Transcribe the data as written, minus images.

Recorded information =
▼
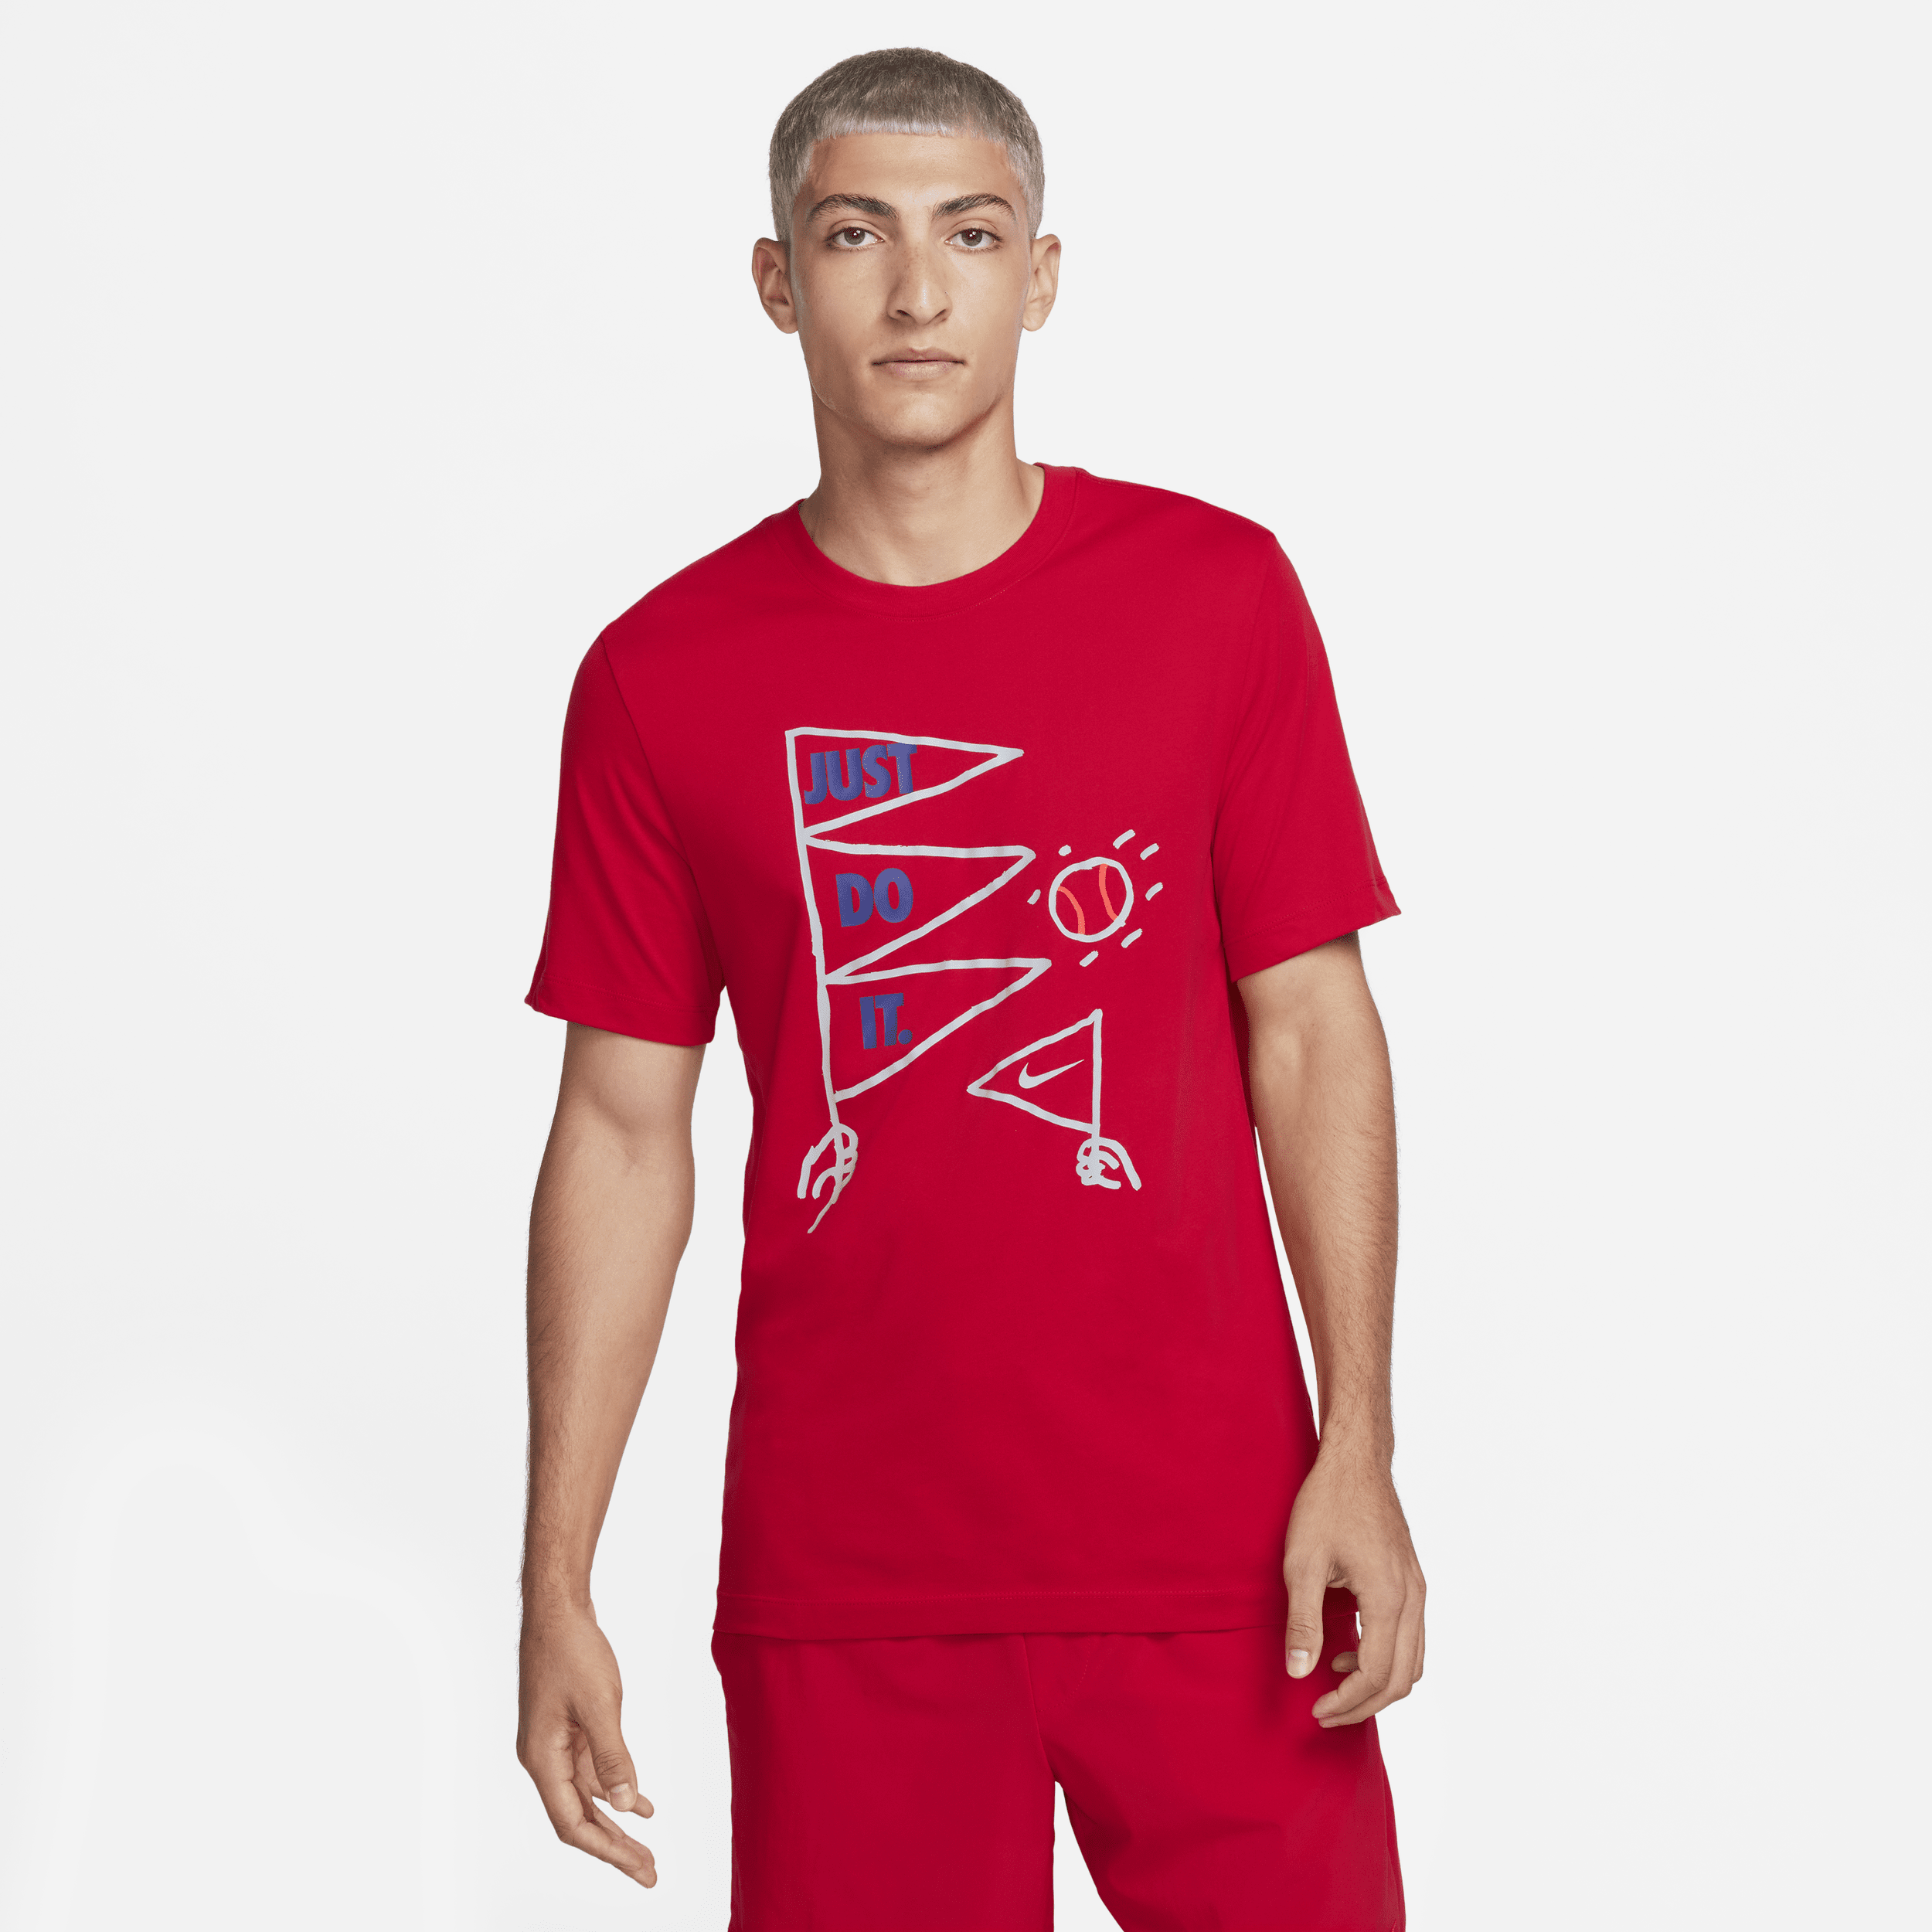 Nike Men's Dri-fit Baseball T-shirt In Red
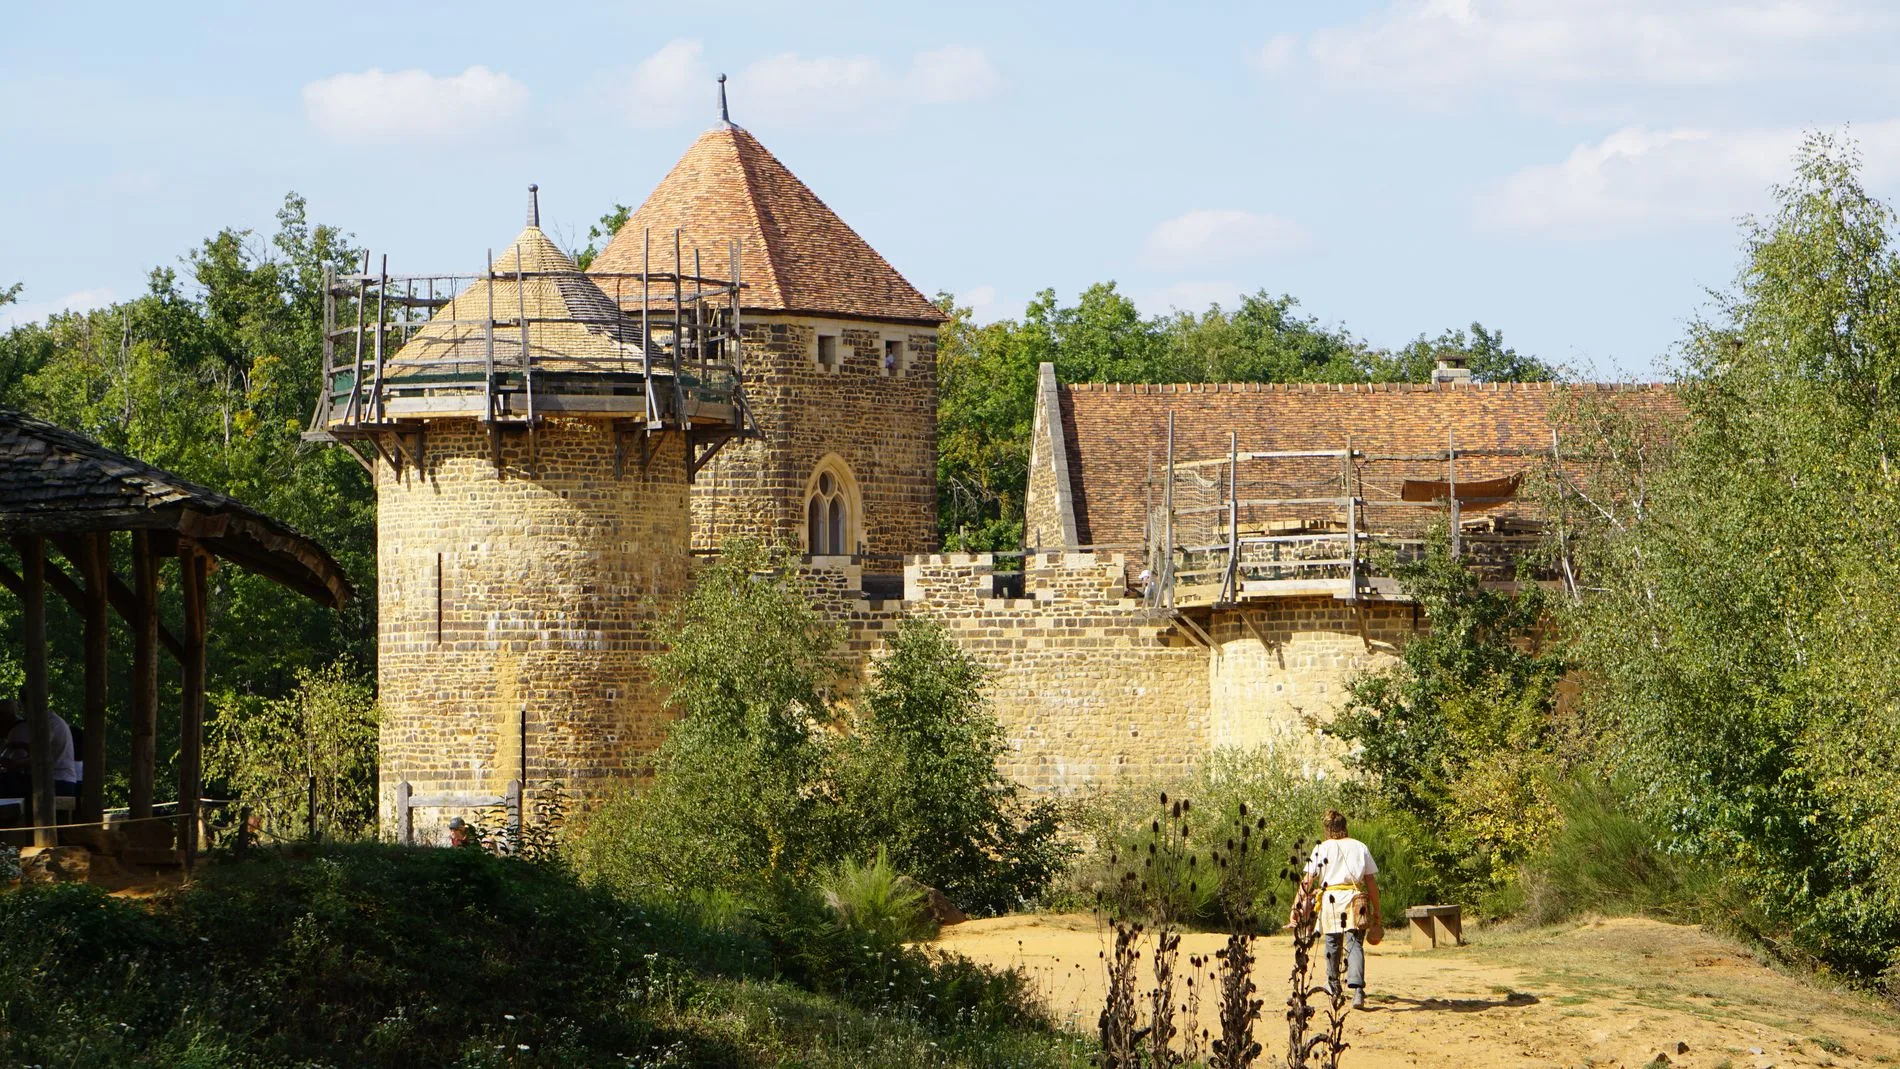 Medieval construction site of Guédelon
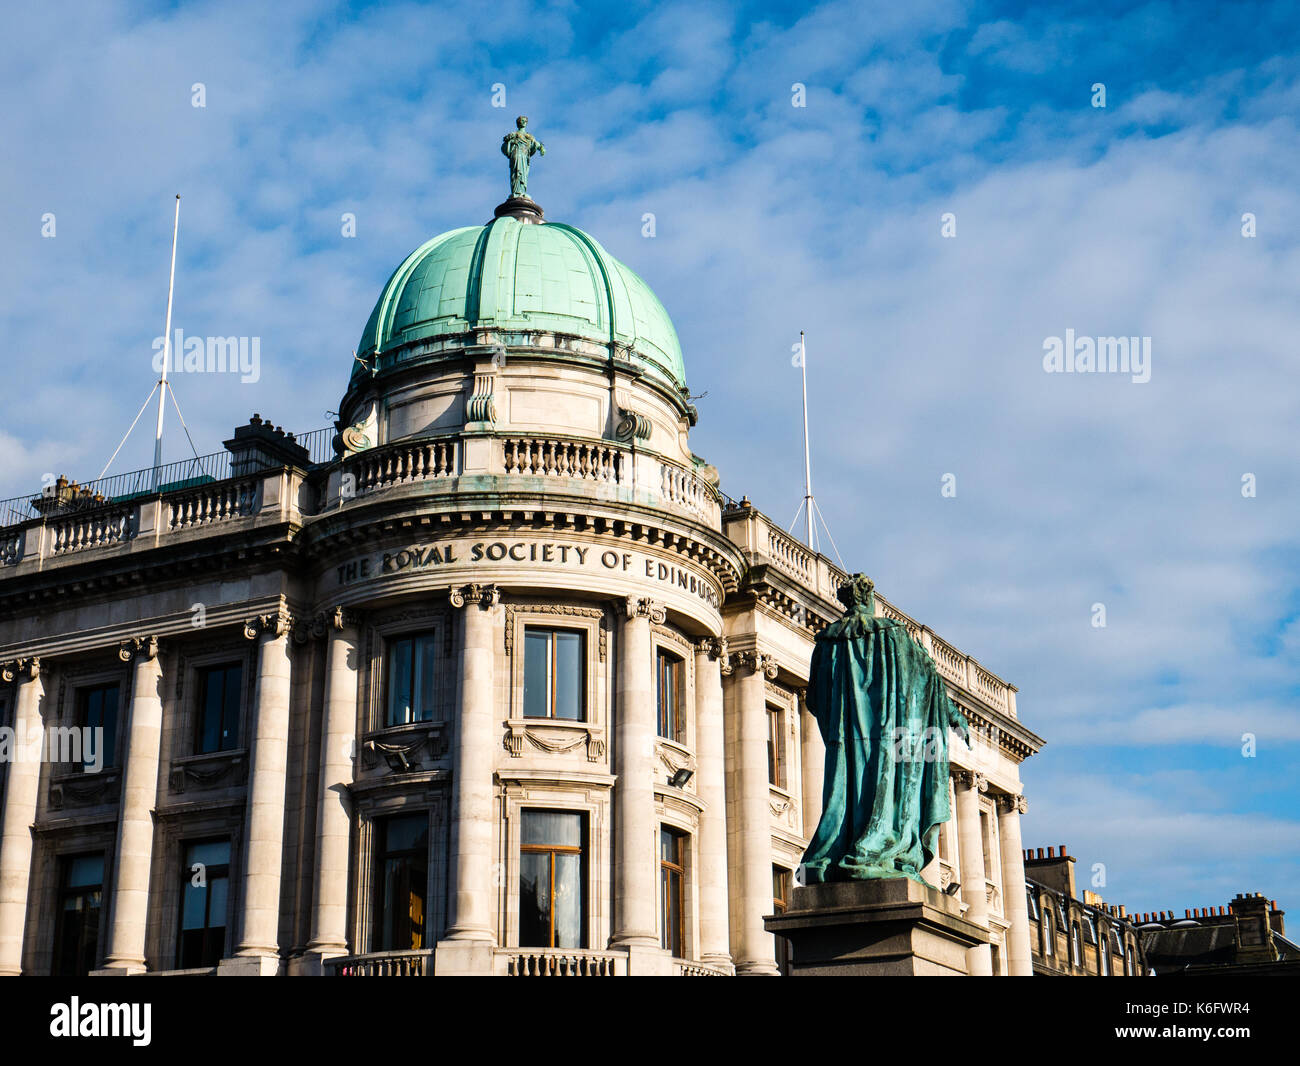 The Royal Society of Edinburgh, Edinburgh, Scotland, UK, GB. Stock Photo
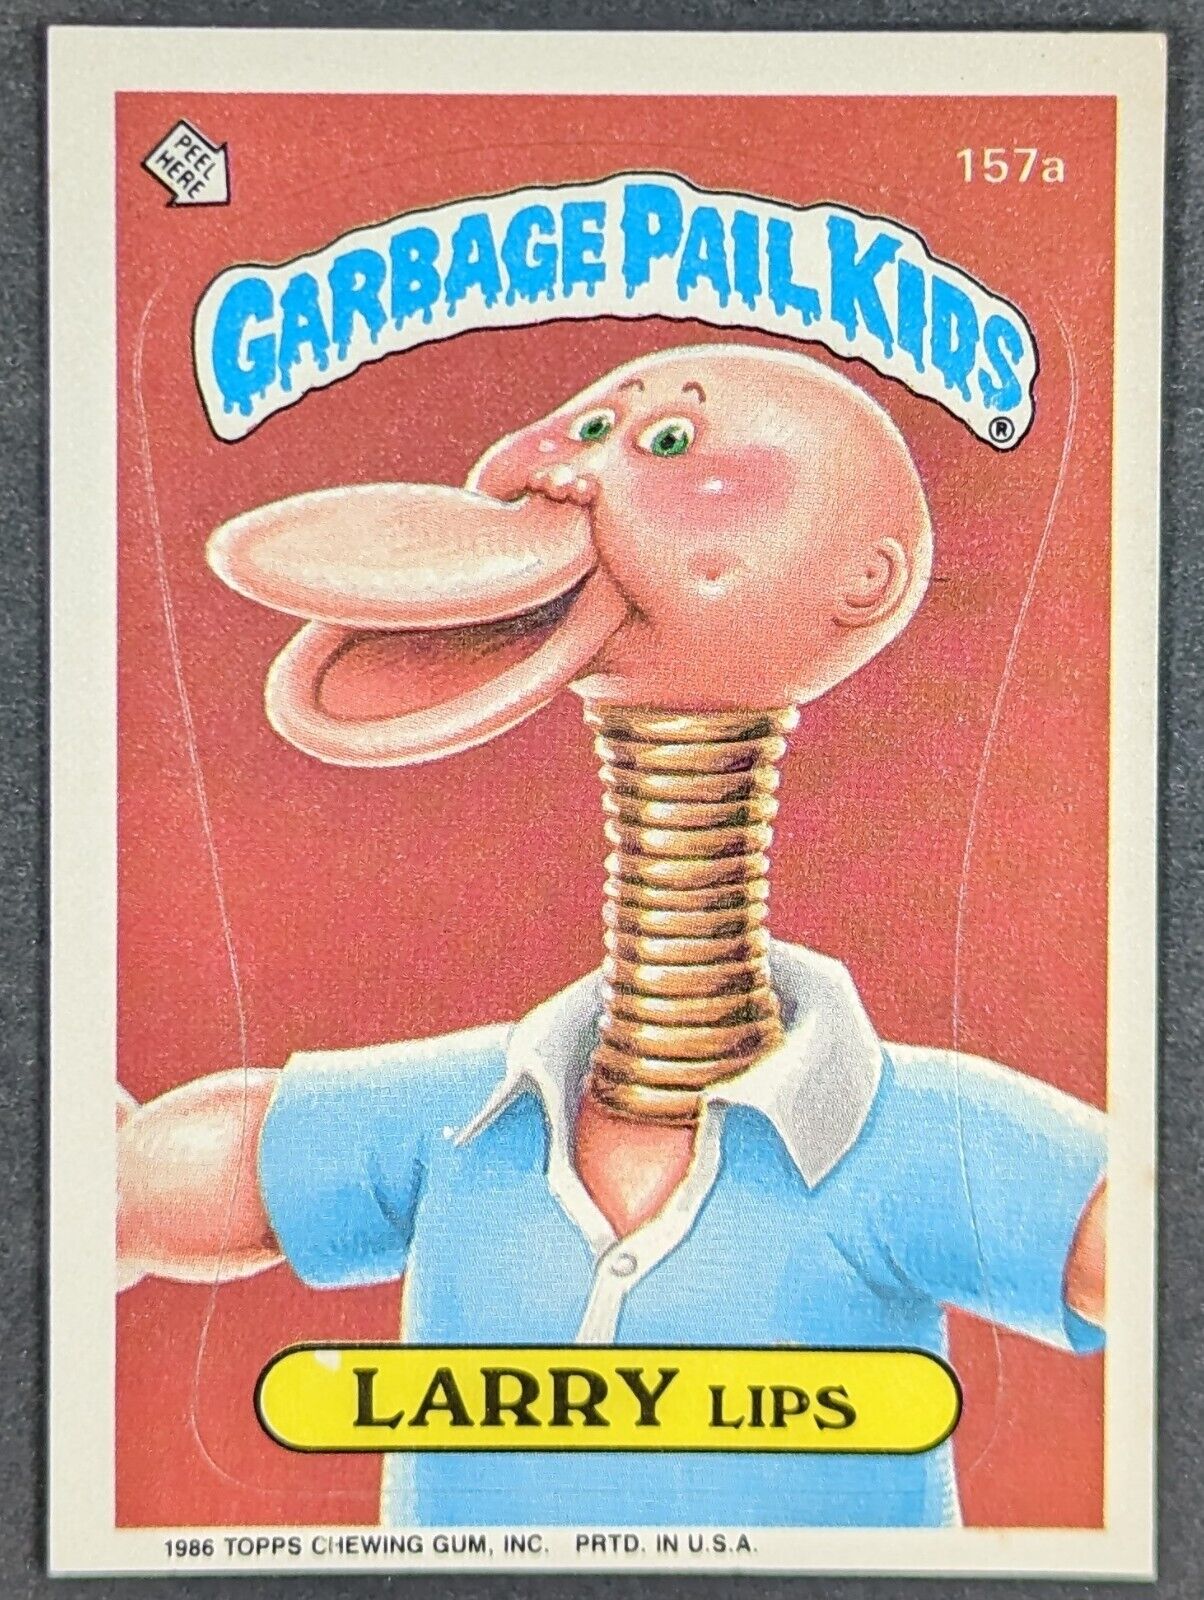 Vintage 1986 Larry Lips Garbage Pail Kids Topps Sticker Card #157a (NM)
▲
Result below =
 Nike Men's Dri-fit Baseball T-shirt In Red
 Medieval construction site of Guédelon
 The Royal Society of Edinburgh, Edinburgh, Scotland, UK, GB. Stock Photo
 Vintage 1986 Larry Lips Garbage Pail Kids Topps Sticker Card #157a (NM)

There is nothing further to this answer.